The latest information on Asian carp includes how to identify, catch, clean and cook the fish and protect yourself while boating through Asian carp-infested waters.
 
The Illinois Aquatic Nuisance Species Website provides information on aquatic invasive species including links to regulations. You can report sightings of invasive aquatic species on this page, too.
 
Look for and participate in activities in support of Illinois Invasive Species Awareness Month each May.

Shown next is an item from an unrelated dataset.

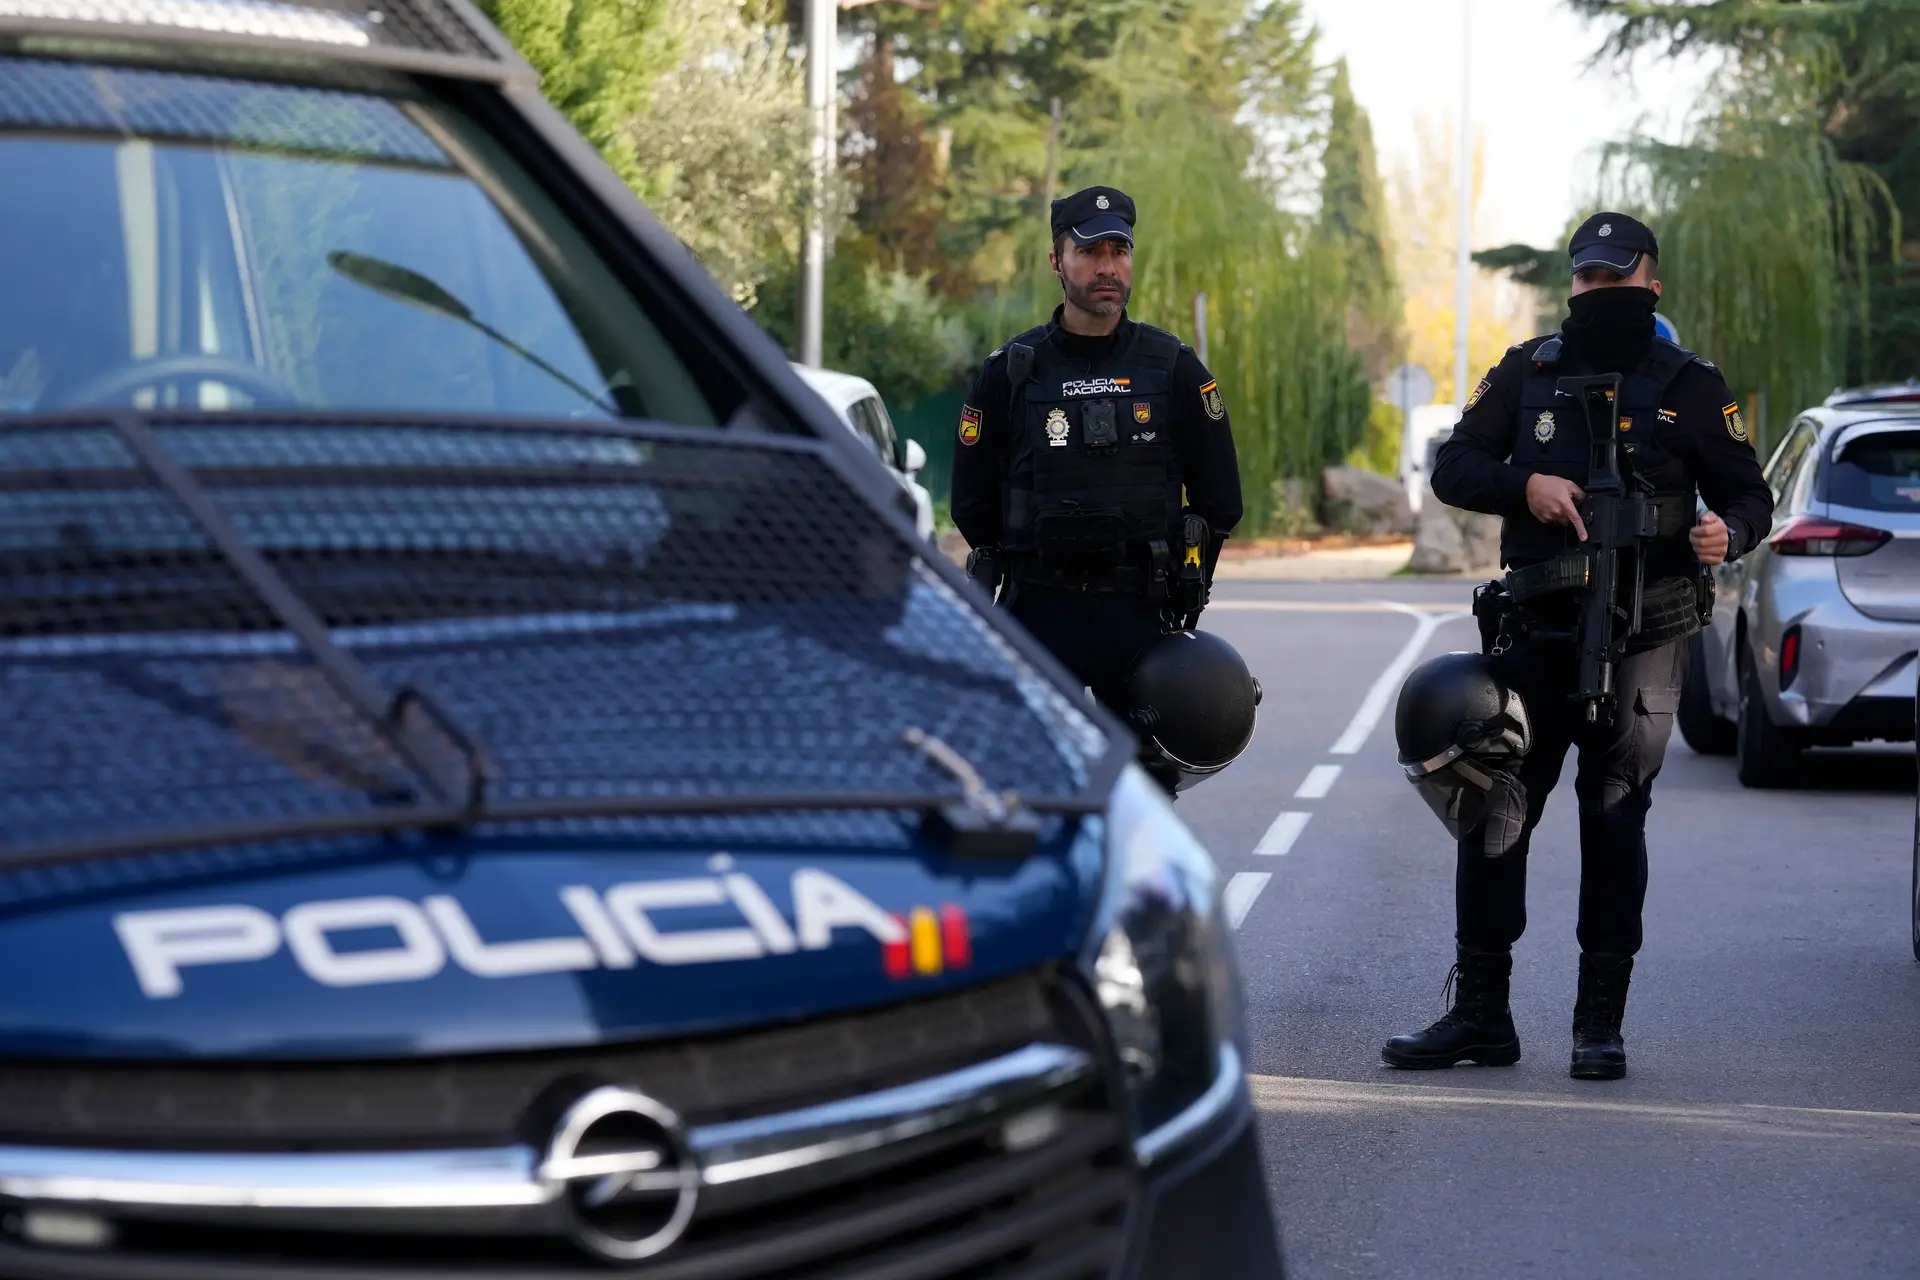 Menor esfaqueia professores e alunos em Espanha

You’ll find updates posted here.
 
Spread the word, not the species. Take precautions to avoid transferring invasive species from one water body to another or one area of land to another.
 
Fishing tournaments have the potential to spread aquatic invasive species through movement of both anglers and equipment between events. Learn how to take preventative actions at this Web site.
 
TransZero.jpg
Many aquatic invasive species have spread to the Great Lakes through recreational water use. Once established, these invaders hinder boating and swimming, disrupt food webs and harm local economies. Learn how recreational water users can help prevent the spread of aquatic invasive species here. You will find suggestions to Be a Hero – Transport Zero™ for both aquatic and land-based activities at their Web site. Regularly clean your boots, clothes, gear, boat, tires and any other equipment you use outdoors to remove insects and plant parts that may spread invasive species to new places.
 
 
 
ReleaseZero.jpgDon’t release aquatic species from aquariums, educational lessons, live food, aquaculture release or water gardens. Be a Hero-Release Zero ™ is an Illinois program that provides guidelines for disposal of unwanted aquatic organisms.
     Plants – bag and place in the trash
     Animals – find a new owner or seek advice on humane disposal
     Water – disinfect or use for a different purpose
 
Illinois-Indiana Sea Grant is working to reduce the introduction of invasive species in many ways. Organisms in Trade and Aquatic Plants in Trade are two routes that include the spread of invasive species through aquarium release, water garden escape, study organism release, live food and aquaculture release and live bait. Read the Illinois-Indiana Sea Grant suggestions for reducing and eliminating these problems at the links above.
 
 
 
Classroom specimens can end up part of the invasive species problem. With more information, schools and suppliers can be part of the solution. Learn more here.
 
Nab the Aquatic Invader! from Illinois-Indiana Sea Grant is an educational Web site that introduces students (grades 4-10) to marine and freshwater invasive species and their impacts through colorful cartoon characters. Many other educational resources are available online. The Illinois Department of Natural Resources (IDNR) offers an Illinois’ Invasive Species resources trunk for loan to educators statewide. You can find the list of lending locations here. The new exotic species Web page of the IDNR Division of Education contains links to lessons, podcasts and other information about invasive species.
 
Plant native plants in your gardens and landscaping and remove any invasive plants that are present on your land. There are many good native plant alternatives to common exotic ornamental plants. Check to see if a plant is invasive before you plant it. Do not plant or dump house plants outdoors.
 
When camping, buy firewood near your campsite (within 30 miles) instead of bringing your own from home, and leave any extra for the next campers. Invertebrates and plants can easily hitch a ride on firewood you haul to or from a campsite -- you could inadvertently introduce an invasive to a new area.
 
You can volunteer to help eradicate invasive exotic species. Federal, state and local government agencies as well as nature centers, forest preserve districts and other entities often seek assistance with the removal of invasive exotic plant species.
 
Working together is critical to eliminating invasive species. We can all help, and we can make a difference!